Now as a girl, I was taught that Thomas Edison invented the light bulb. Full stop. That simple.

My fourth-grade class even took a field trip to Edison’s estate where, we were innocently led to believe, the Great Inventor single-handedly fathered the light bulb, the movie camera, and the phonograph (whatever that is).

Only very recently did I come to appreciate the much messier truth…

Edison’s team was merely one of dozens that co-invented electric light bulb. Scientifically speaking, his team’s discoveries were neither the first, nor the most important.

Cover Page to Edison's History Patent Application on the Light Bulb

Image provided by the National Archives at www.ourdocuments.gov

What Edison did better than all the other inventors took place not in the laboratory, but in the office.

His lawyers pursued, obtained, asserted, and litigated key patents on light bulb technology in order to run competing bulb manufacturers out of business.

Edison then leveraged his monopoly on bulbs to corner the market in electricity service as well. And that was where he made the big bucks. Ever hear of GE?

Now the fourth-grade account suggests that we should thank Mr. Edison for bringing us this amazing technology. Without his long hours in the laboratory – he even slept there! – we would still be in the dark.

But when you look at the history more closely, Edison’s scientific contribution starts to look pretty dispensable.

Scientists had already published instructions for producing a glowing electric bulb in 1709. The technology was already commercially viable in 1876. A few years later, London’s Savoy Theatre switched from gas lighting to electric bulbs supplied by Joseph Swan.

It was at this point, in 1879, that Edison filed for his first patent on “an improvement in Electric Lamps and in the method of manufacturing the same.” The improvement Edison claimed was the use of a certain type of filament inside the bulb.

Now, a patent is just a claim to have invented something new and therefore, to own that technology as intellectual property. It’s not proof of inventorship. Moreover, patent filers often claim ownership of ideas much more broadly than the law and facts actually warrant.

For these reasons, competing companies often end up in court to determine exactly who owns what.

For example, Thomas Swan had light bulb patents of his own, the first predating Edison’s by 19 years. He had even been granted a patent in England claiming the same discovery Edison’s team claimed to have made. But he was unable to retain the legal upper hand.

Even though it was never legally established that Swan’s bulbs infringed on Edison’s patents, the shadow of IP law made it too risky for Swan to continue competing with Edison. The two companies merged.

In the process, competition in the light bulb market — and therefore the race to roll out improvements resulting in less-expensive, longer-lasting light — was severely curtailed.
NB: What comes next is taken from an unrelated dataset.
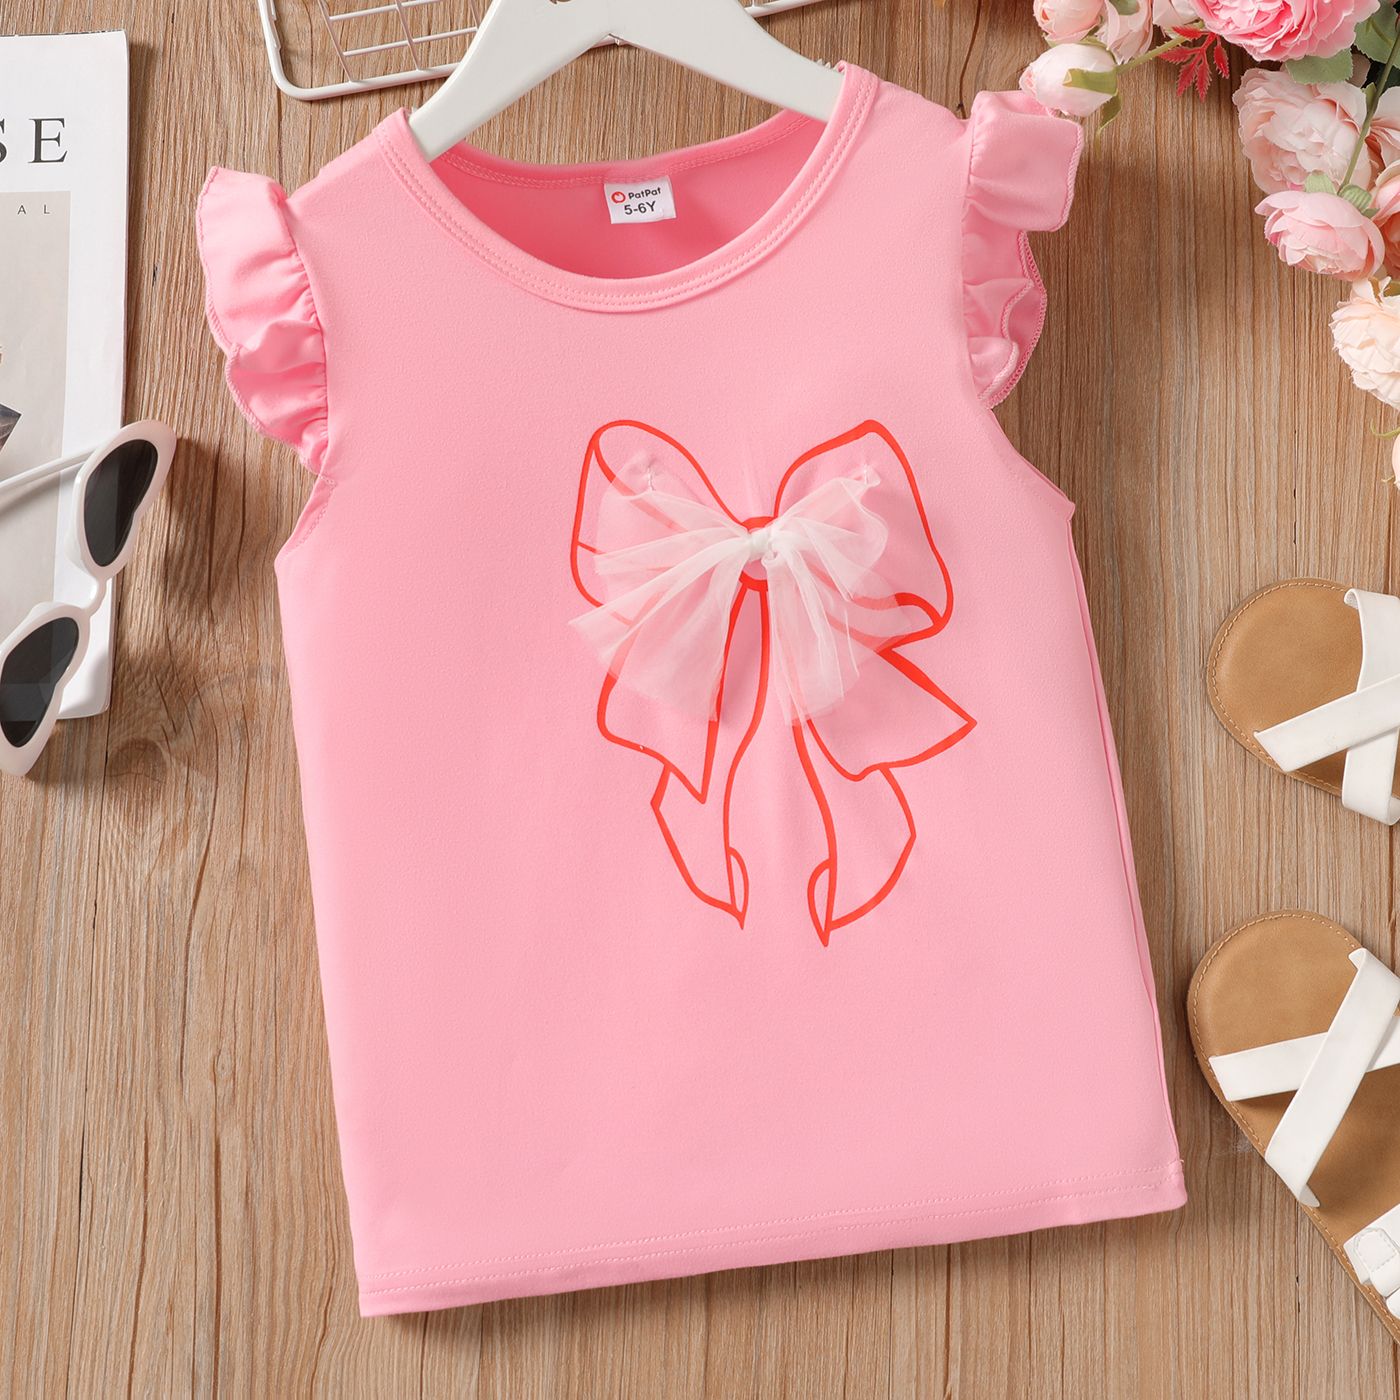 T-shirt à Manches Flottantes Design 3d Bowknot Pour Fille Enfant

It would be half a century before ordinary Americans could afford electric lights.

For that to happen, it took not only the invalidation of key patents claims surrounding the light bulb, but also a bitterly contested political battle over the entry of federal and local governments into the business of electricity generation and supply.
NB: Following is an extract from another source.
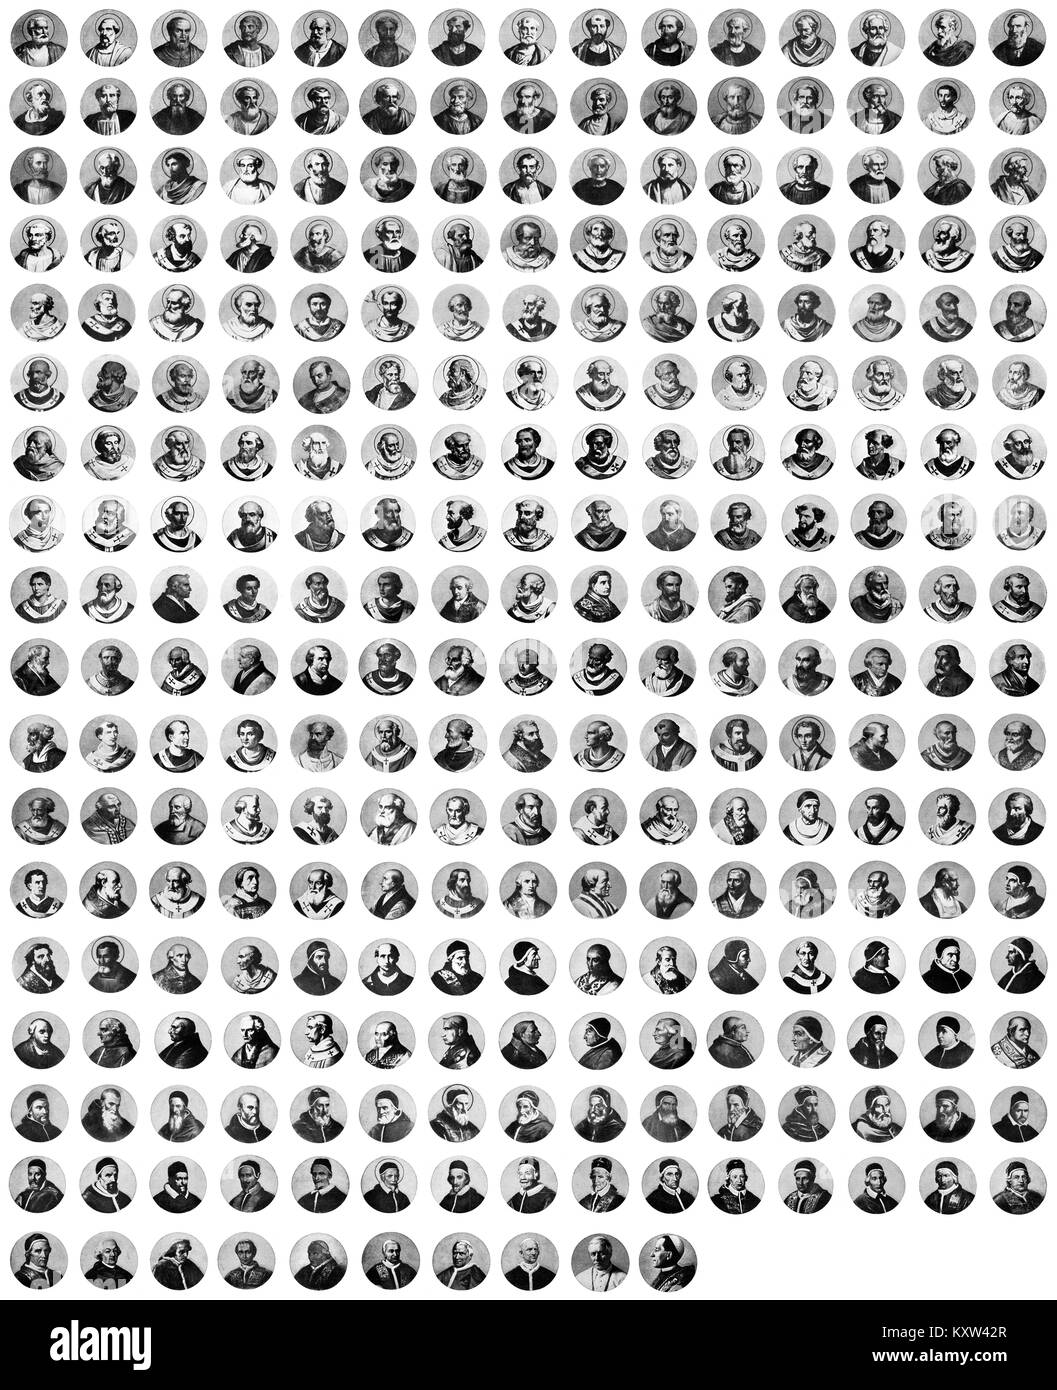 Portraits de tous les papes de l'Église catholique de 30 à 1914 Banque D'Images

The story of the light bulb reveals that the relationship between patents, innovation, and the spread of new technologies is more complex than is widely understood.

Companies who stand to benefit from longer, stronger patent protection would have us believe that patents promote innovation by providing greater incentives to invention. And there is good reason to believe that is at least sometimes the case.

But often, it works the other way. Patents are claimed by parties with no unique claim to invention, and used as weapons to stifle competition.

The result can be a paradoxical delay in scientific advancement, widespread access to new technologies, and opportunities for new businesses and opportunities that build upon that technology.

For an illustration, consider the biggest technological game-changer since electricity itself: the Internet.

Abstract representation of www applications

photograph (c) alles-schlumpf, via Flickr

Where would we be today if Robert Cailliau and Tim Berners-Lee had sought patents on the World Wide Web in 1990, requiring anyone who wanted to provide a web-based service to negotiate a license with them?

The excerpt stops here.